— ABOUT THIS EXERCISE —
Write out, exactly as they stand, the line containing "Mid-20th Century Hans" and all subsequent lines up to and including the final line of the records.

──────── DATASET ENTRIES

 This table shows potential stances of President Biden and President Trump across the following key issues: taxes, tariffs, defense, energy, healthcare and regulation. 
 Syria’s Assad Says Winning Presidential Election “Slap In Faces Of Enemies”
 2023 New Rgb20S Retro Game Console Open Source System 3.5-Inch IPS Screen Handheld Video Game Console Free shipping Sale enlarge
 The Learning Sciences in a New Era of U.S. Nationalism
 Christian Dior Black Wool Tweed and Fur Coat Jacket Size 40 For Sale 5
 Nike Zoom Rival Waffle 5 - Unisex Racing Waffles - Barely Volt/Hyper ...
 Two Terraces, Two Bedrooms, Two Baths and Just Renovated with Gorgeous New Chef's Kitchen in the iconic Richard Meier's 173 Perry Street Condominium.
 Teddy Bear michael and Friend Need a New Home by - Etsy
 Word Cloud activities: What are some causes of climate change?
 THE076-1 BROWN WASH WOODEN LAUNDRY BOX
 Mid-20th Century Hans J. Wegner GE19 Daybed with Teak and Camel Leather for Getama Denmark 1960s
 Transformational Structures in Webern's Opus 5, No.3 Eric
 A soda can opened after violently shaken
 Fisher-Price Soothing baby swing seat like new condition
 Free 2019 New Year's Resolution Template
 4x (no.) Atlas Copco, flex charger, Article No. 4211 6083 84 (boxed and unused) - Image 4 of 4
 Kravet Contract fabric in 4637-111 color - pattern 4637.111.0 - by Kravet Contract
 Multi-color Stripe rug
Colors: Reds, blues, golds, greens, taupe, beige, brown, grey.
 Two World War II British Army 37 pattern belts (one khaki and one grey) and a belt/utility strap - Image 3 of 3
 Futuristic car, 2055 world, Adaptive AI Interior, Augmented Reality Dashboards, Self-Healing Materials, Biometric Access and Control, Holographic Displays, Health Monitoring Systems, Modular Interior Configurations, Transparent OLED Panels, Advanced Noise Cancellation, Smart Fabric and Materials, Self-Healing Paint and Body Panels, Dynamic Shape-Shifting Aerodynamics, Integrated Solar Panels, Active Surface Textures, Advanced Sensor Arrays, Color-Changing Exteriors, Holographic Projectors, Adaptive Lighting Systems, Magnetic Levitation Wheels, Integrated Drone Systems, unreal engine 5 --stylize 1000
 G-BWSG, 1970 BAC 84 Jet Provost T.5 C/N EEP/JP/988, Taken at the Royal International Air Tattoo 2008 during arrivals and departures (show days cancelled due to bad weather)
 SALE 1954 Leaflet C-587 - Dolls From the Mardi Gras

────────────────

— REPLY —
 Mid-20th Century Hans J. Wegner GE19 Daybed with Teak and Camel Leather for Getama Denmark 1960s
 Transformational Structures in Webern's Opus 5, No.3 Eric
 A soda can opened after violently shaken
 Fisher-Price Soothing baby swing seat like new condition
 Free 2019 New Year's Resolution Template
 4x (no.) Atlas Copco, flex charger, Article No. 4211 6083 84 (boxed and unused) - Image 4 of 4
 Kravet Contract fabric in 4637-111 color - pattern 4637.111.0 - by Kravet Contract
 Multi-color Stripe rug
Colors: Reds, blues, golds, greens, taupe, beige, brown, grey.
 Two World War II British Army 37 pattern belts (one khaki and one grey) and a belt/utility strap - Image 3 of 3
 Futuristic car, 2055 world, Adaptive AI Interior, Augmented Reality Dashboards, Self-Healing Materials, Biometric Access and Control, Holographic Displays, Health Monitoring Systems, Modular Interior Configurations, Transparent OLED Panels, Advanced Noise Cancellation, Smart Fabric and Materials, Self-Healing Paint and Body Panels, Dynamic Shape-Shifting Aerodynamics, Integrated Solar Panels, Active Surface Textures, Advanced Sensor Arrays, Color-Changing Exteriors, Holographic Projectors, Adaptive Lighting Systems, Magnetic Levitation Wheels, Integrated Drone Systems, unreal engine 5 --stylize 1000
 G-BWSG, 1970 BAC 84 Jet Provost T.5 C/N EEP/JP/988, Taken at the Royal International Air Tattoo 2008 during arrivals and departures (show days cancelled due to bad weather)
 SALE 1954 Leaflet C-587 - Dolls From the Mardi Gras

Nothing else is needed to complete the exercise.